Royal Roads students are on a mission to keep campus waterways healthy

Royal Roads students are on a mission to keep campus waterways healthy

A group of environmental science students at Royal Roads University are on a mission.

They’re taking a closer look at Hatley and Colwood creeks as part of their eight-month hands-on environmental consulting project that runs through August this year.

“We do check water quality, we will be doing some fish trapping this spring and we will be collecting sediment samples as well too,” says Ivan Niegas.

For Earth Day this year, Niegas walks along to collect samples from Hatley Creek which is one of a few creeks that flow down to the Esquimalt Lagoon.

“They do have the three major creeks that feed Esquimalt Lagoon,” adds Niegas. “Colwood Creek, Bee Creek and Selleck Creek, and then there are some minor spring-fed creeks as well, such as this one.”

Checking water flow and quality is one way of assessing the health of the aquatic habitat and fish are a good sign that a creek’s ecosystem is intact and healthy.

Eric Buiter, another student working on a separate biodiversity project tells CHEK that fish, like the cutthroat trout that exist in the creek, require cool and clear waters to be able to spawn.

“Increased runoff and sedimentation are the things we are trying to monitor and make sure there’s exposed gravel for them to nest, otherwise if they get covered up they could actually suffocate the eggs due to sedimentation,” Buiter adds.

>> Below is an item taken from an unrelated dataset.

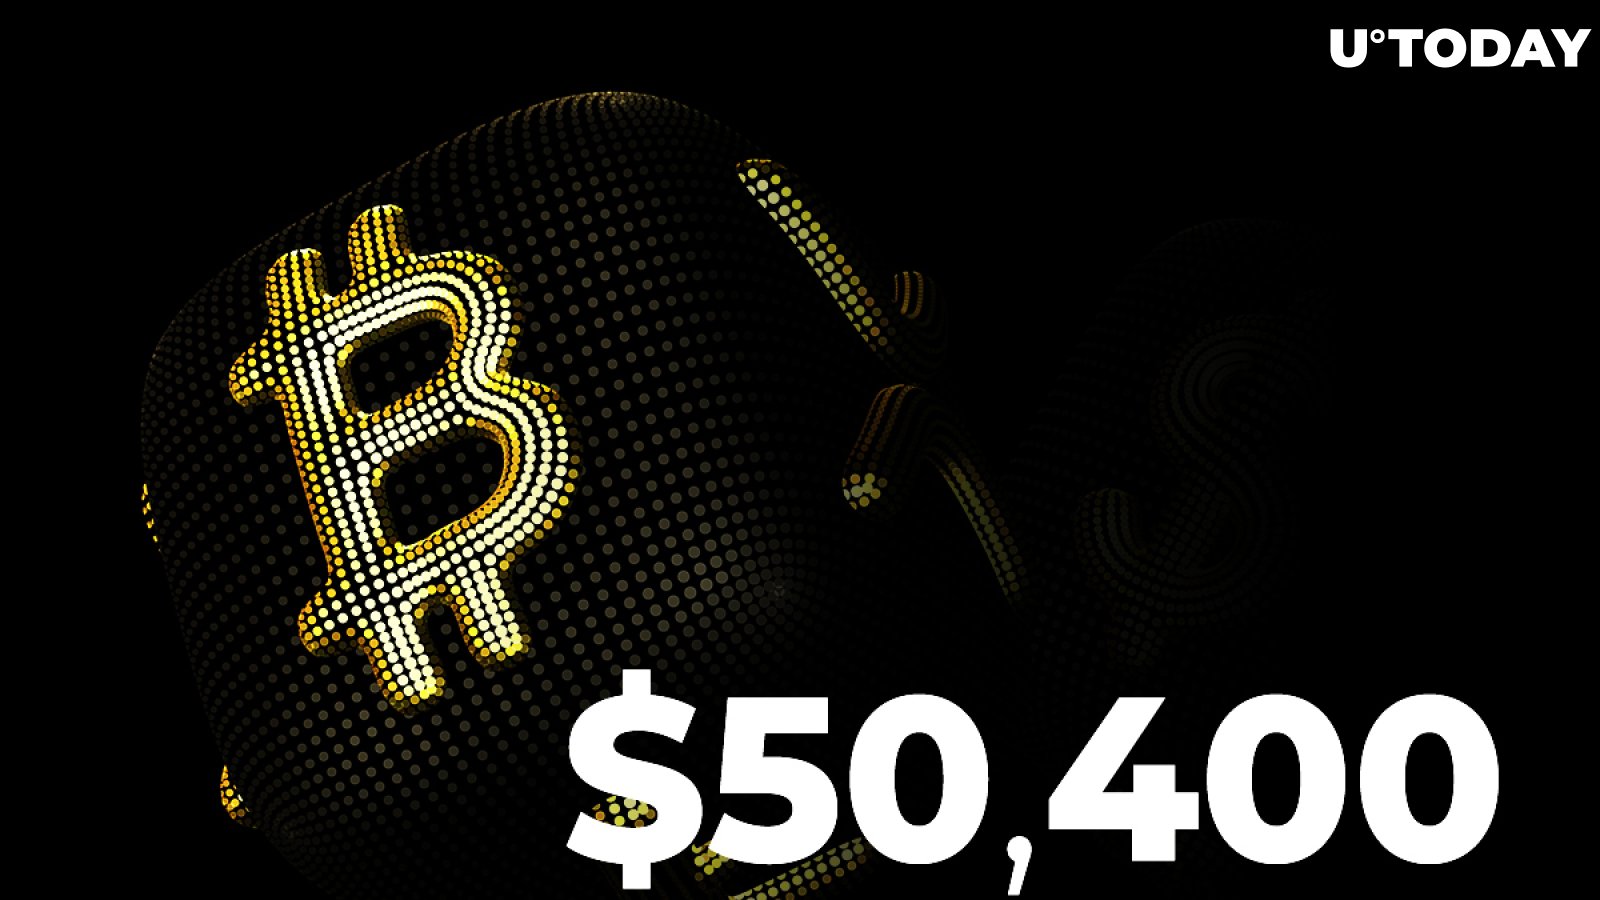 Bitcoin Suddenly Touches $50,400, Adding $1,500

This water monitoring project builds upon previous research efforts from 2019 which will provide them valuable historical data to better understand the state of the ecosystems amidst the environmental changes brought  about by climate change.

The data from their samples will help them identify potential stressors affecting the two creeks – the health of each will impact Esquimalt Lagoon.

“Esquimalt Lagoon is really important for us to protect because this is designated as a federal migratory bird sanctuary where we do have a variety of shorebirds, seabirds and waterfowls that thrive here in  a very healthy ecosystem. That’s why we monitor both creeks,” said Niegas.

The students have been monitoring Hatley and Colwood creeks since January 16. They will continue to gather samples and in August will submit their final reports with recommendations on how to keep the waterways healthy.